CD-associated NOD2 mutants are impaired in signaling, anti-bacterial killing, and autophagy. (A) NF-κB luciferase reporter assay in HEK293T cells transfected with Nod2 plasmids and stimulated with MDP (1µg/mL) for 18h. Luciferase values normalized to β-gal transfection control (nLuc), mean ±SD. (B) Gentamycin protection assay of HEK293T cells transfected with Nod2 plasmids, mean ±SD. (C) NF-κB luciferase reporter assay in HEK293T cells transfected with Nod2 and IKK dominant negative (DN) constructs, mean ±SD. (D) Gentamycin protection assay of HEK293T cells transfected with Nod2 and IKK DN plasmids, mean ±SD. (E) Autophagosomal maturation assessed by flow cytometric analysis of GFP-mCherry-LC3 in HEK293T cells transfected with vector, Nod2 or Nod2 L1007fs plasmids. Histogram of GFP MFI of the mCherry-positive population (left). Quantification of GFP/mCherry MFI ratio normalized to vector transfected sample, mean ±SD (right, n=7). (F) LC3 immunoblots of HEK293T cells transfected with Nod2 or Nod2 L1007fs plasmids treated with MDP (1µg/mL) or rapamycin (25µg/mL) for the indicated times (hours). Quantification of LC3-II amount indicated by LC3-II/tubulin ratio (right).
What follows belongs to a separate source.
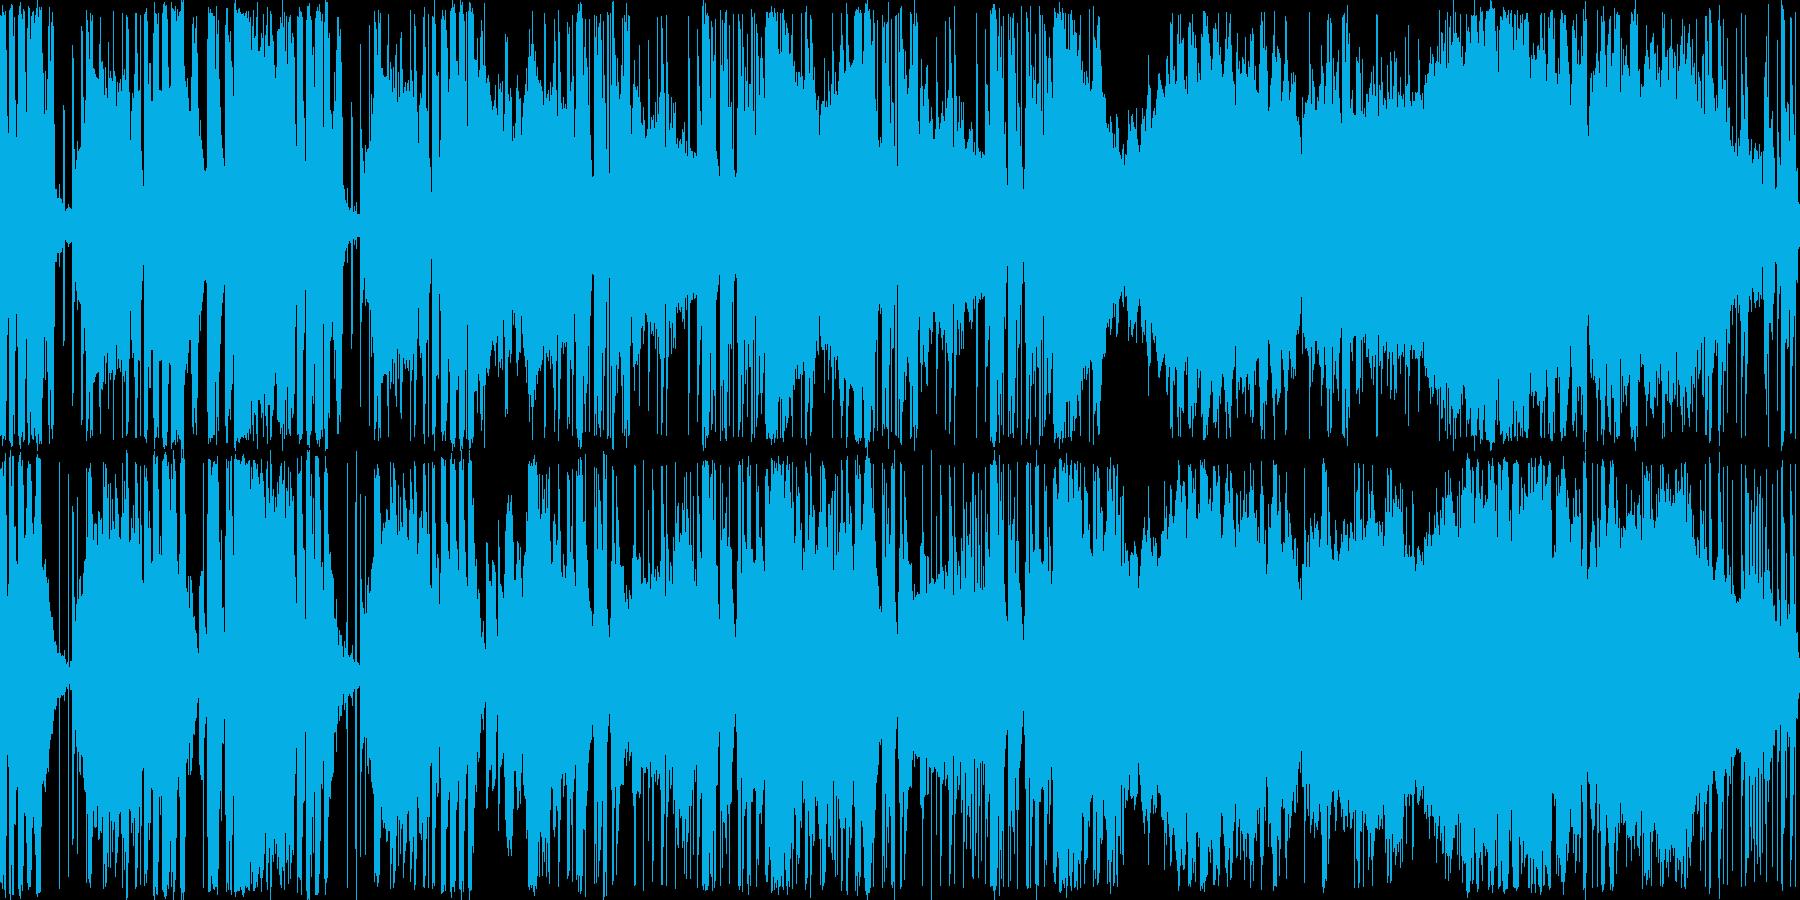 暗くて不思議な雰囲気のオーケストラ曲の再生済みの波形
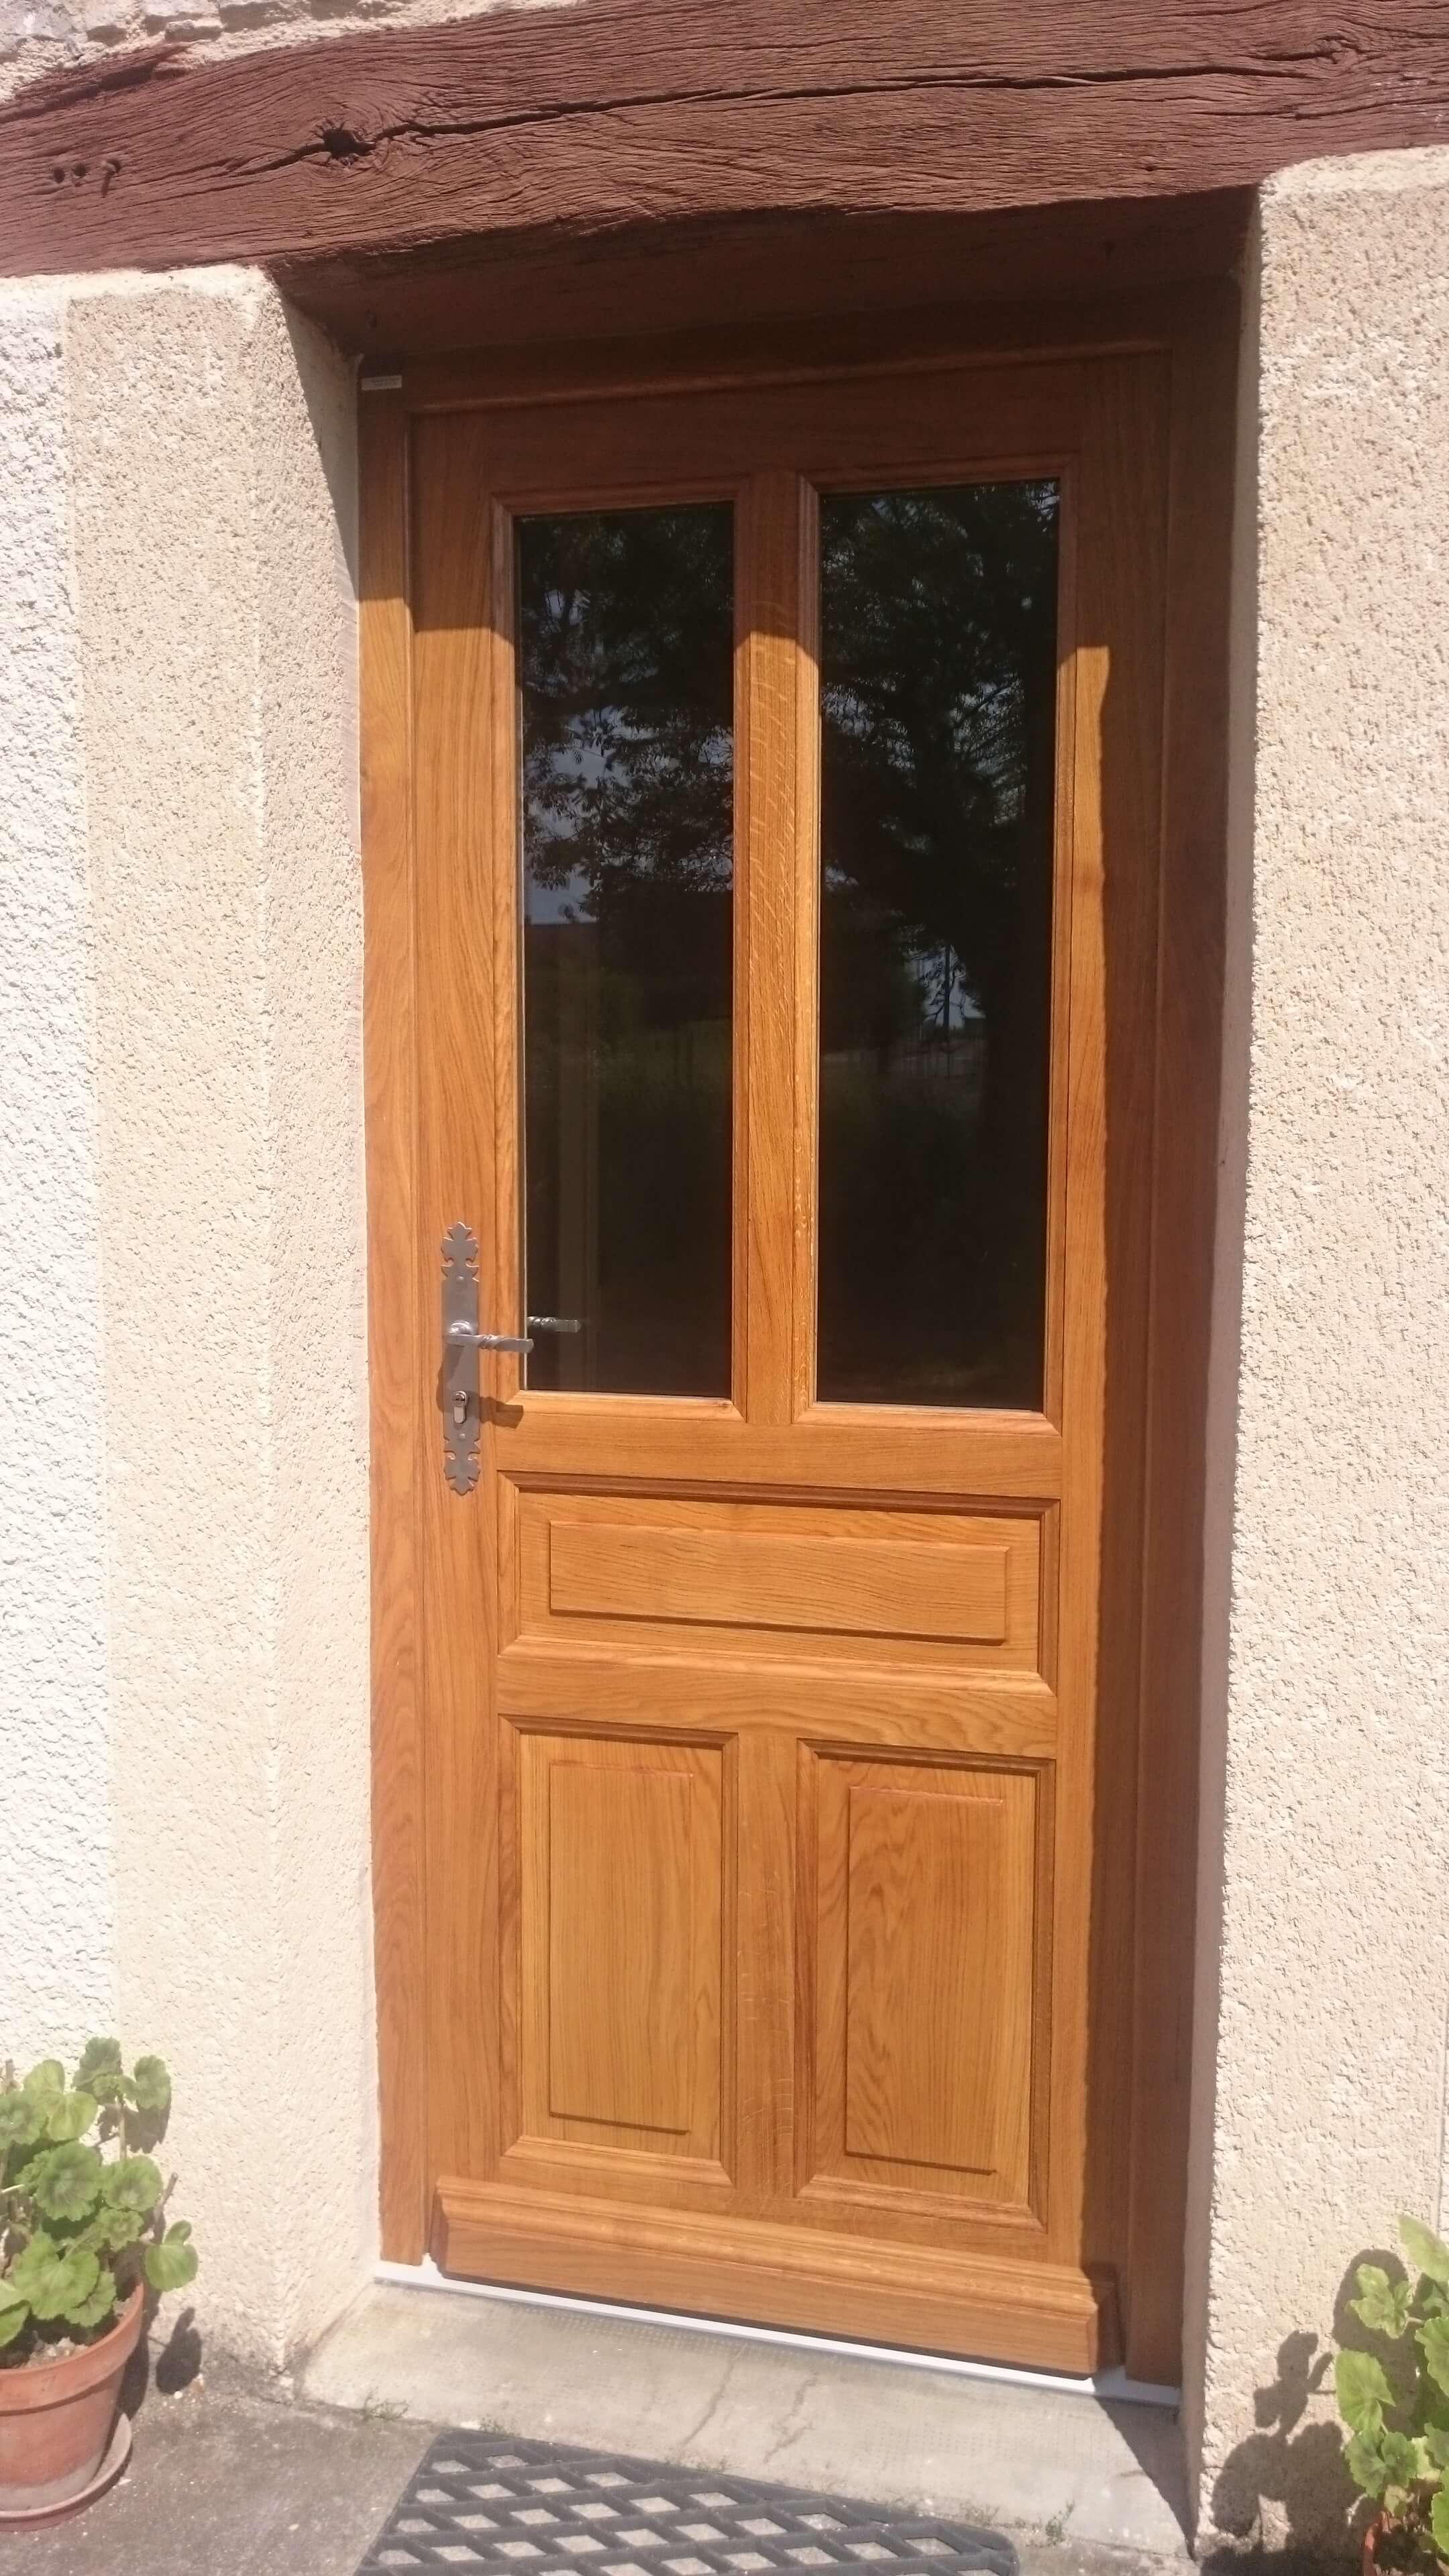 Menuiserie Figard - Fabrication sur mesure - Porte d'entrée - Chêne - Vesoul

ATG16L1 T300A impairs MDP-enhanced bacterial killing in a cell type specific manner. (A) TNFα secreted by MDP-stimulated PBMCs (0, 0.1 or 1µg/mL for 18h) with the indicated genotypes, median values of the group (n=6) indicated by bars. WT, wild-type ATG16L1; HT, heterozygous ATG16L1; T300A, homozygous ATG16L1 T300A. (B) Immunoblot analysis of MDP-stimulated, (10µg/mL), genotyped, dendritic cells. Autophagy induction quantified by LC3-II accumulation indicated by LC3-II/GAPDH ratio, with similar results seen by alternative quantification of LC3-I/LC3-II ratios. p-p38, phosphorylated p38. (C) Gentamycin protection assay of genotyped macrophages performed in media ± MDP (10µg/mL). Bars indicate the geometric mean values (WT, n=7; HT, n=7; T300A, n=14) with the 95% confidence limits shown by the boxes. The range of response is indicated by the vertical bars. (D) Gentamycin protection assay of HT29 or HT29GR cells performed in media ± MDP (20µg/mL), mean ±SD. (E) NF-κB luciferase reporter assay (left) and gentamycin protection assay (right) in HT29GR cells transfected with vector or Nod2 plasmid and treated with MDP (10µg/mL), mean ±SD. (F) Gentamycin protection assay of Nod2-expressing HT29GR cells transfected with vector, ATG16L1 or ATG16L1 T300A plasmids and control or ATG16L1 RNAi performed in media ± MDP (20µg/mL), mean ±SD.